Ensemble

Alert Playing

Anna Tsybuleva plays C P E Bach, Beethoven
and Schubert, impressing MIKE WHEELER

 

C P E Bach has been on the sidelines for far too long. A composer so highly regarded by Haydn, Mozart and Beethoven has to be worth our attention, so it's been good to see him getting it. Anna Tsybuleva, winner of the 2015 Leeds International Piano Competition, launched her recital - Royal Concert Hall, Nottingham, 10 November 2019 - with his Sonata in A, Wq 55 No 4. Her alert playing in the first movement meshed completely with Bach's quicksilver keyboard figurations, making effective use of a wide dynamic range. The surprise ending is a quiet, slow link to the second movement, where Tsybuleva demonstrated that the composer is capable of sounding expressive depths as great as anything in Haydn or Mozart. The capricious finale was sheer delight.

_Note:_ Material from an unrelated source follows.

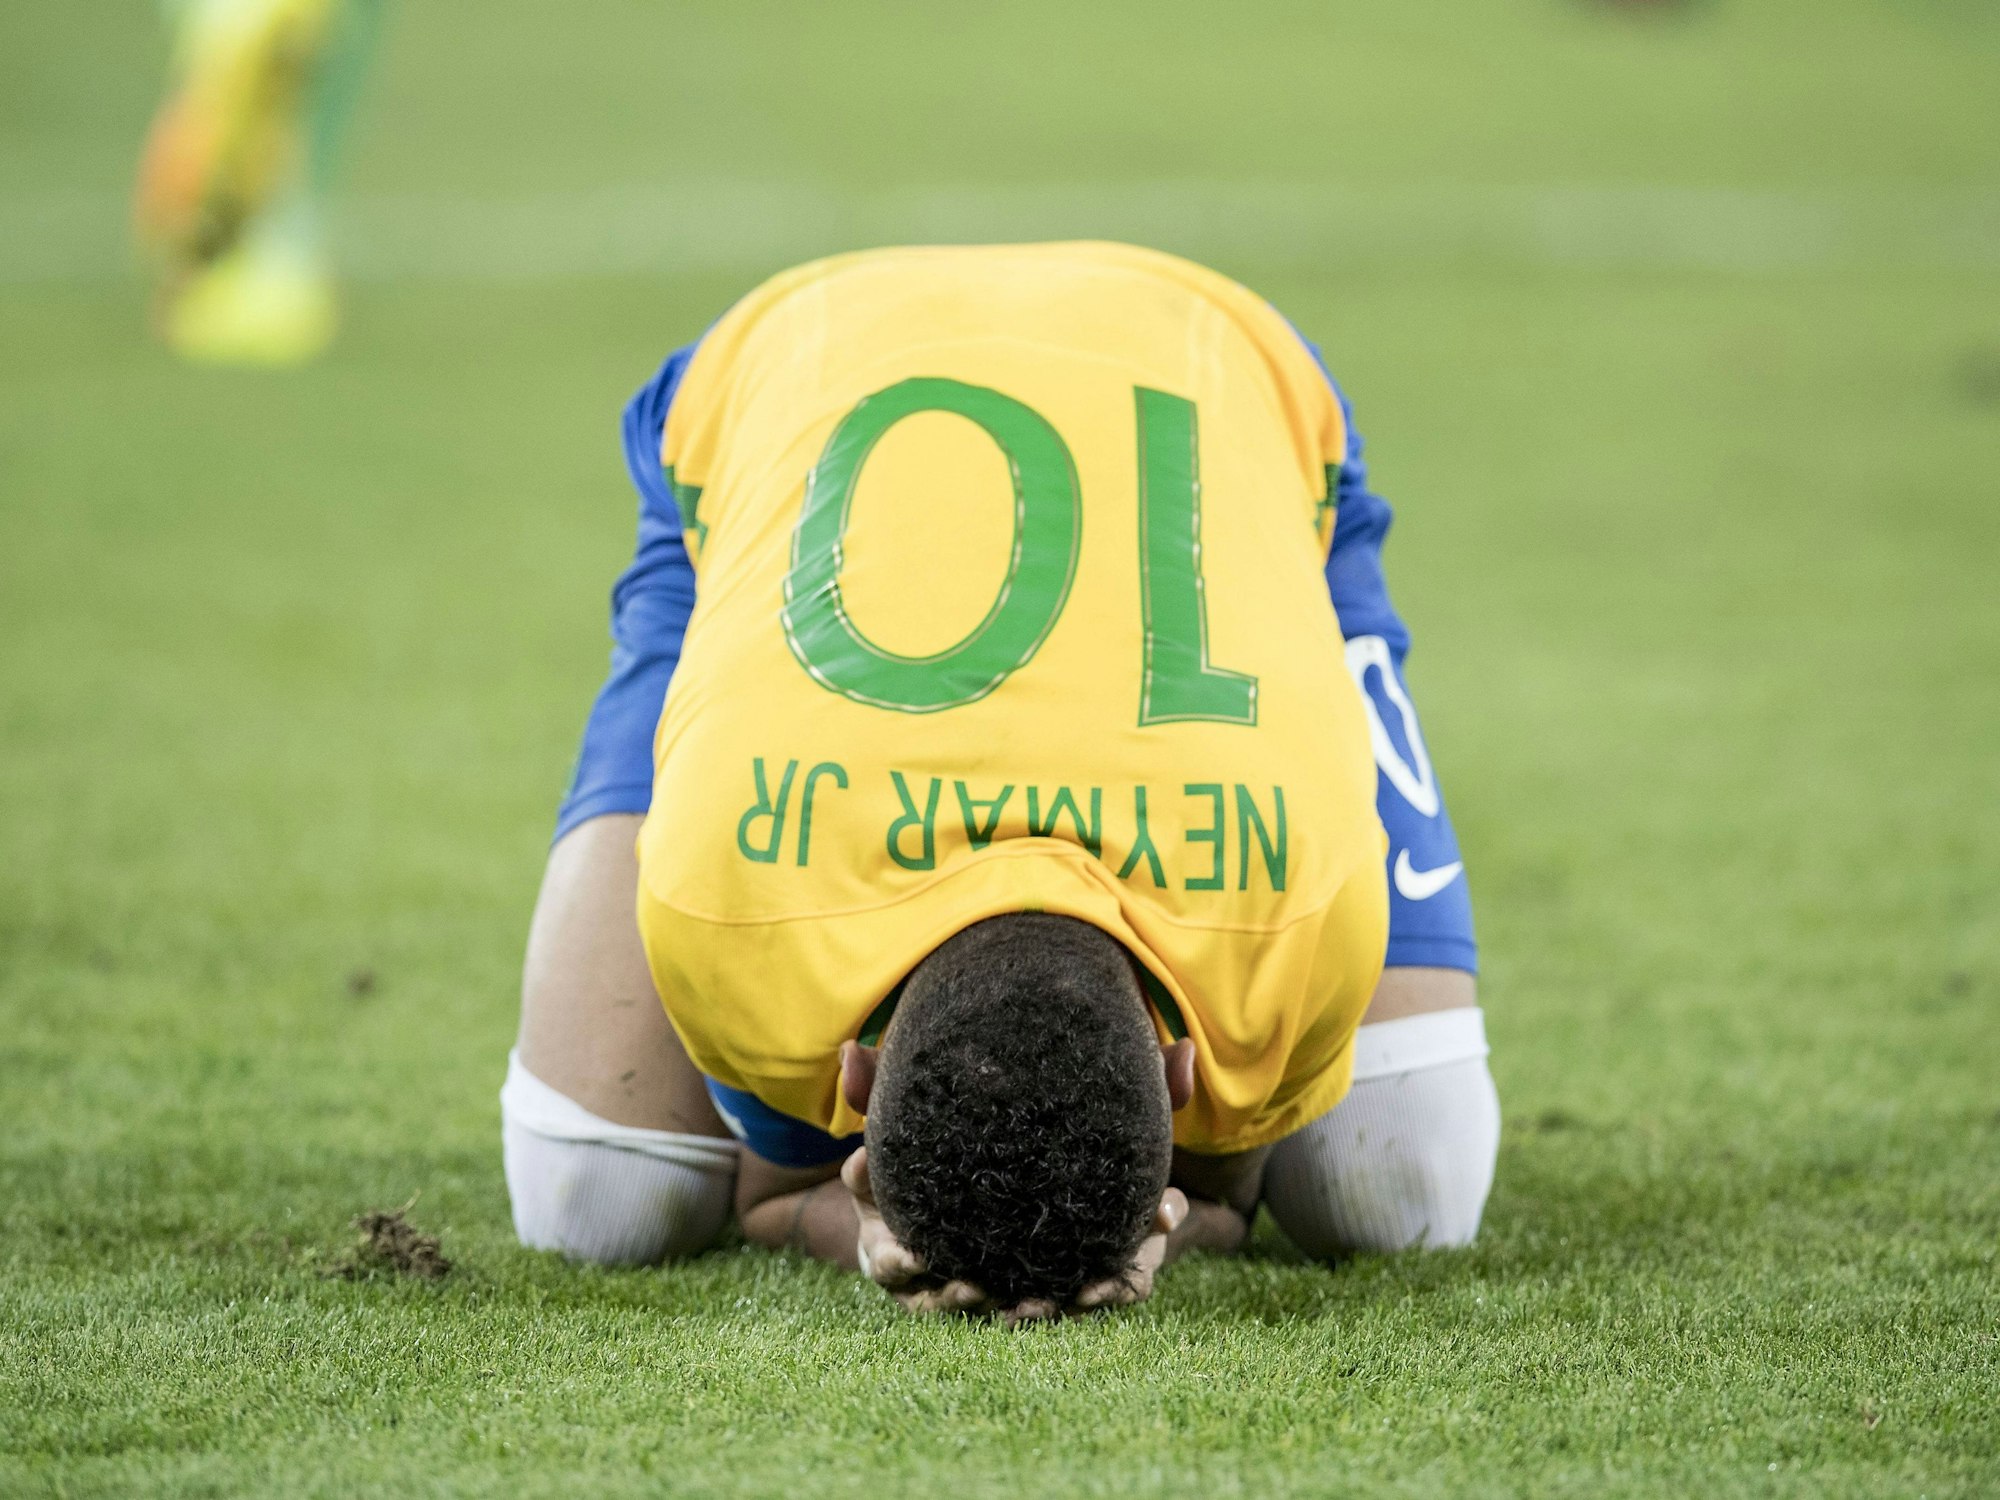 Mittig im Bild kniet Neymar Jr. im Trikot der Brasilianischen Selecao mit der Nummer 10 und legt seinen Kopf auf den Boden. Er hat das Gesicht in seinen Händen vergraben.

Beethoven's Sonata in D minor, Op 31 No 2, is one of his most remarkable, and Tsybuleva's performance probed every expressive shade. The opening was breathtakingly soft, and the celebrated central recitative-like passage, where Beethoven asks for the sustaining pedal to produce a resonant effect like a 'voice from a tomb-vault', had a magical stillness, offsetting the impetuosity elsewhere. She gave the lyrical second movement a slow minuet-like feel, while allowing the darker moments, such as the left hand's occasional ominous drumming figure, to leave their mark. Her rather generous rubato occasionally threatened to impede the flow in the finale, but the stormy central passage was vigorous and forthright, in contrast to her gentle handling of the quiet withdrawal at the end.

Anna Tsybuleva. Photo © Vera Greiner
Anna Tsybuleva. Photo © Vera Greiner

Schubert's Fantasy in C, D 760, known as his 'Wanderer' Fantasy, from his exhaustive use of the rhythmic figure underpinning his song of the same title, is arguably his single most influential work, an important marker on the road to the greater unity of multi-movement structures pursued by Robert Schumann, Liszt and many others. Tsybuleva launched the first movement with terrific drive, and made the most of the stabbing accents at the end, before the lead into the second movement, based on the song's melody. The high-lying figuration counterpointing the melancholy beneath was beautifully clear and crystalline. The third movement's stamping dance was forceful, though in the lilting trio section, again, there was a touch more rubato than the music called for. The fugal finale was sturdy, with the contrapuntal strands emerging with great clarity. And that thematic unity across the four linked movements stood out strongly.